This past Sunday I took my daughter Christmas shopping. She proudly used her own money, earned from shredding documents for me and our neighbors. She also created her own list this year. In the past I would help her remember all the people she wanted to buy something for, but this year she made her own decisions about who gets a gift. I wrapped those gifts for her last night and then sent some in the mail today.

If I focus on how much Rhia loves Christmas, I can combat the weariness I feel. I look at the picture I took of her when she talked to Santa three weeks ago and he gave her a soft, pink unicorn. She is glowing with happiness! I listen to her talk about seeing her grandmother and cousins every time she points to the date on her calendar when we fly to Louisiana. Just thinking about the trip makes me tired, but it’s worth it because Rhia is so happy.

Every parent I know, with and without a disabled child, is tired. The holiday season makes us all a little manic. We work to squeeze every drop of “holiday magic” into everything; the shopping, cooking, decorating, traveling, and socializing. We spend too much and do too much and smile too much. And then we eat too much, drink too much and fight with our relatives too much. All of this must accomplished with a smile in less than four weeks.

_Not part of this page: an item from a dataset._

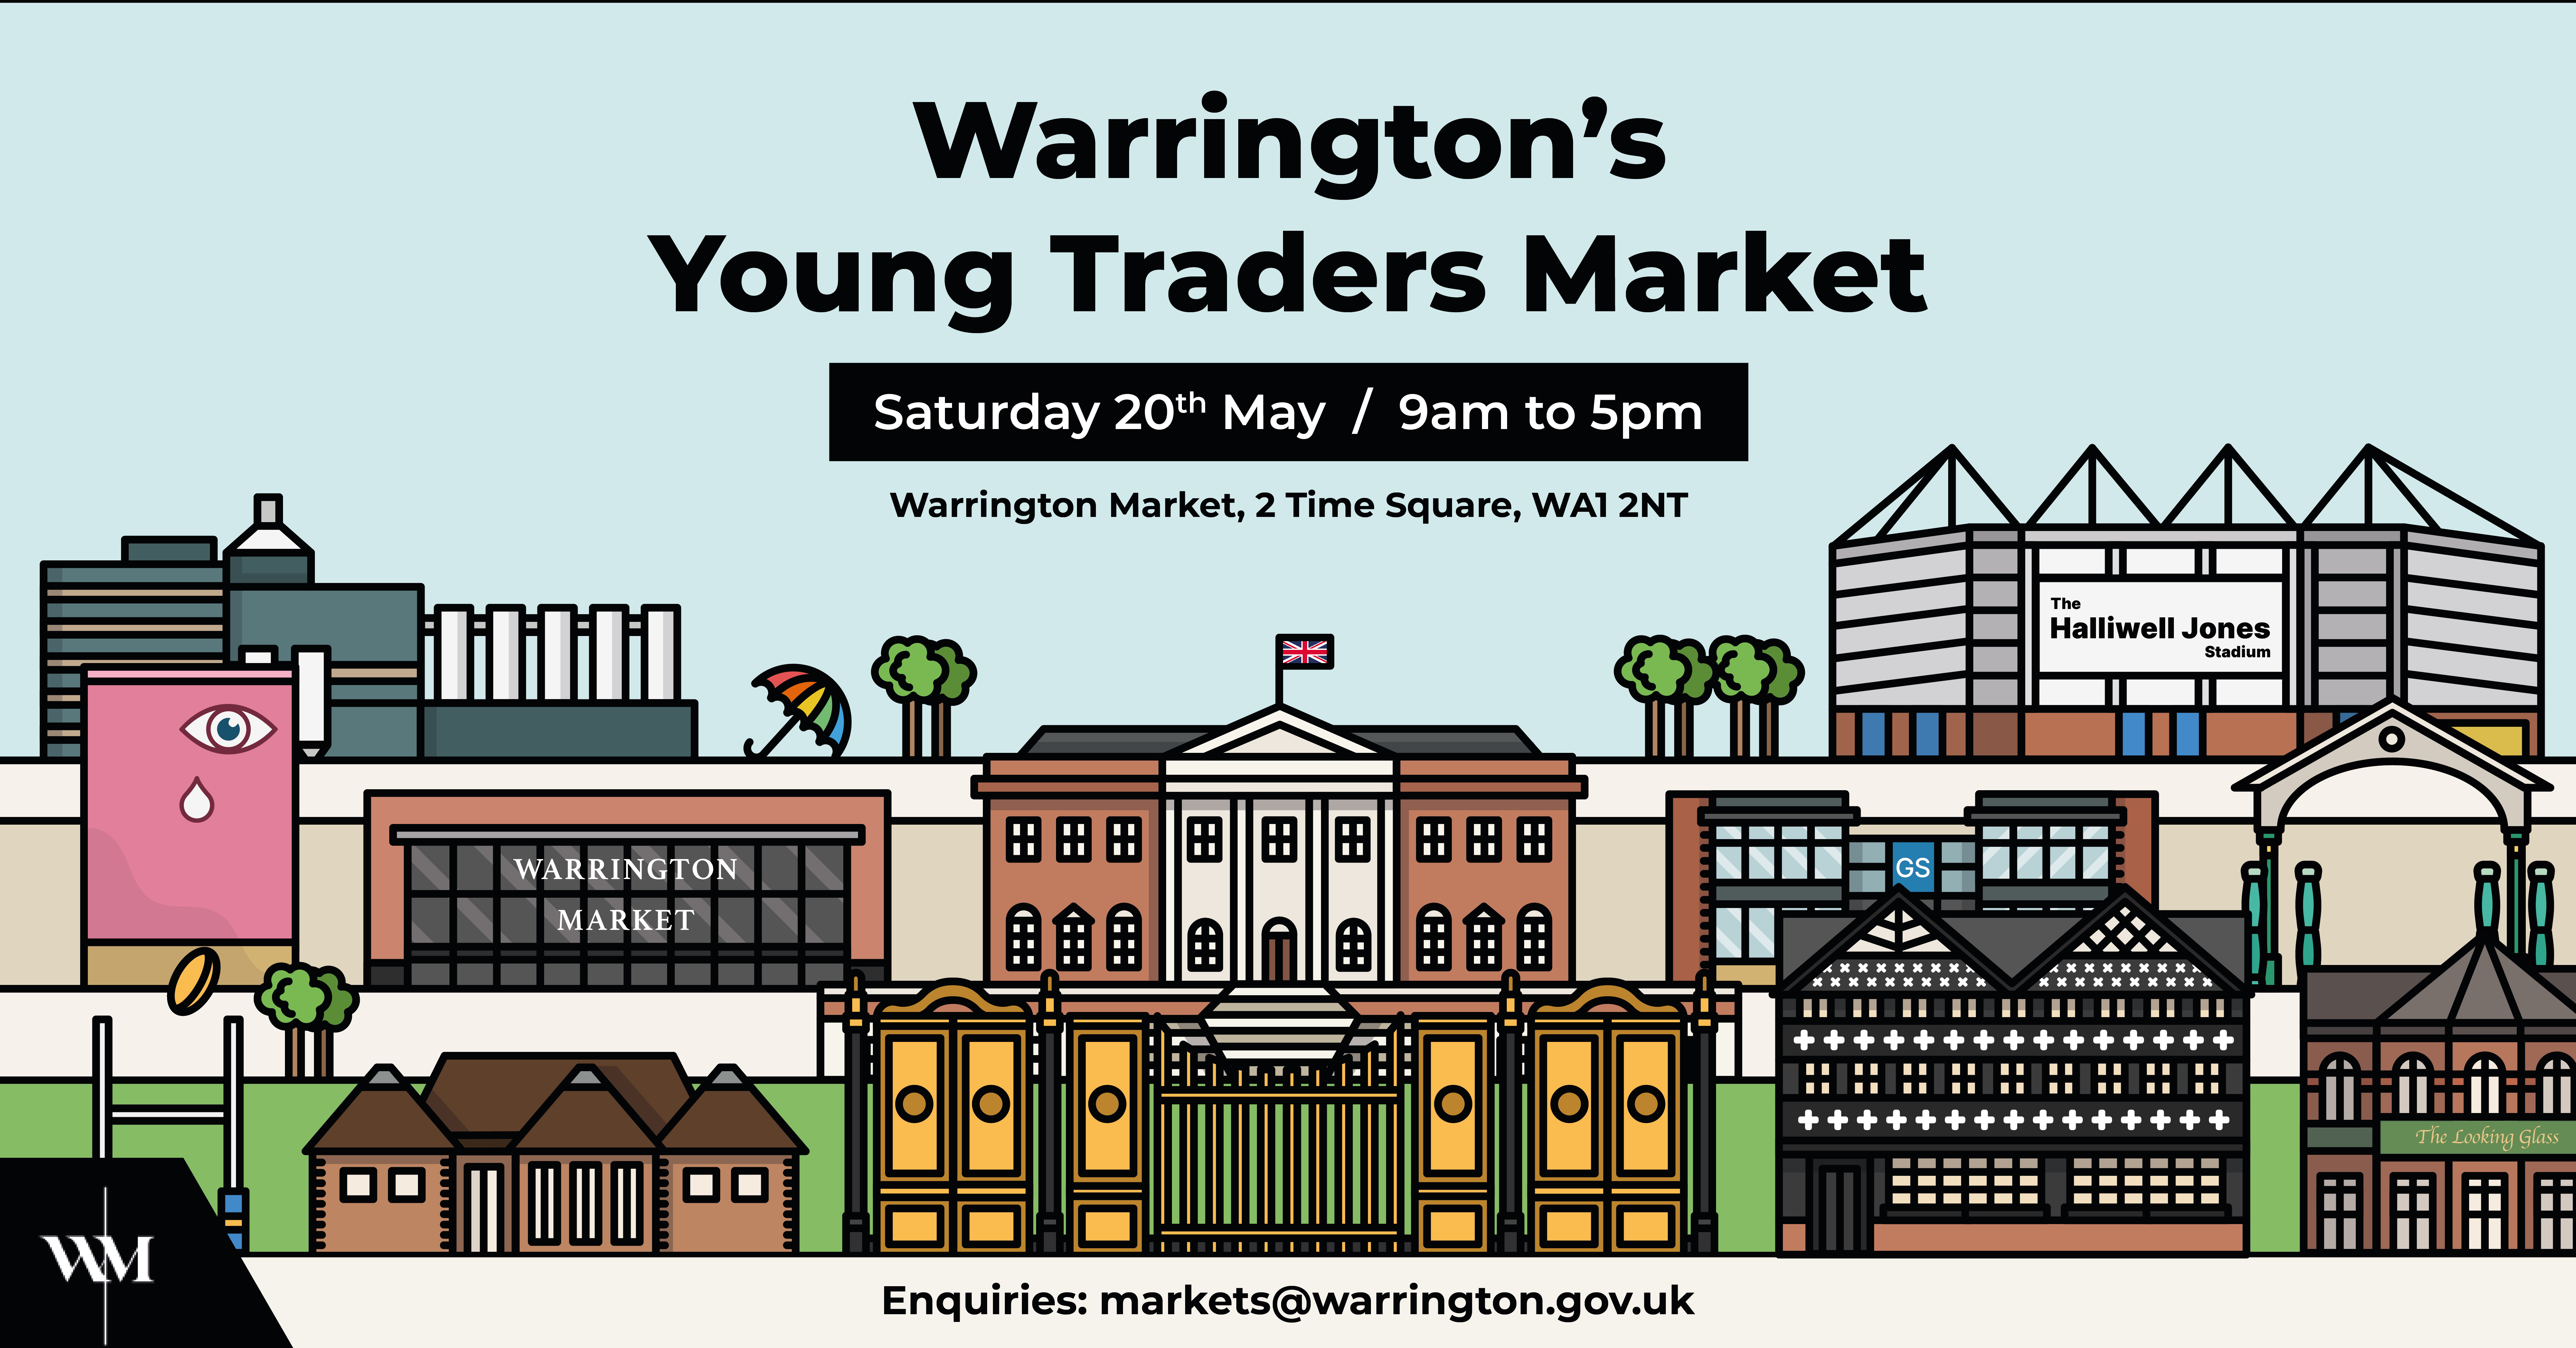 Warrington's Young Traders Market returns to Time Square on Saturday 20 May

Add a disability to the mix and tired is increased by a factor of ten.

I just want to climb into bed, pull my blankets over my head, and sleep until December 30th. I suspect half of America feels the same way.

Rhia needs my help, so I manage to get it all done. And when I focus on her smile and the fun she’s having, I feel the tired release a little. I see more of the beauty and less of the chaos. Taking a deep breath, I address our holiday cards tonight.

But I refuse to listen to Christmas songs while doing it.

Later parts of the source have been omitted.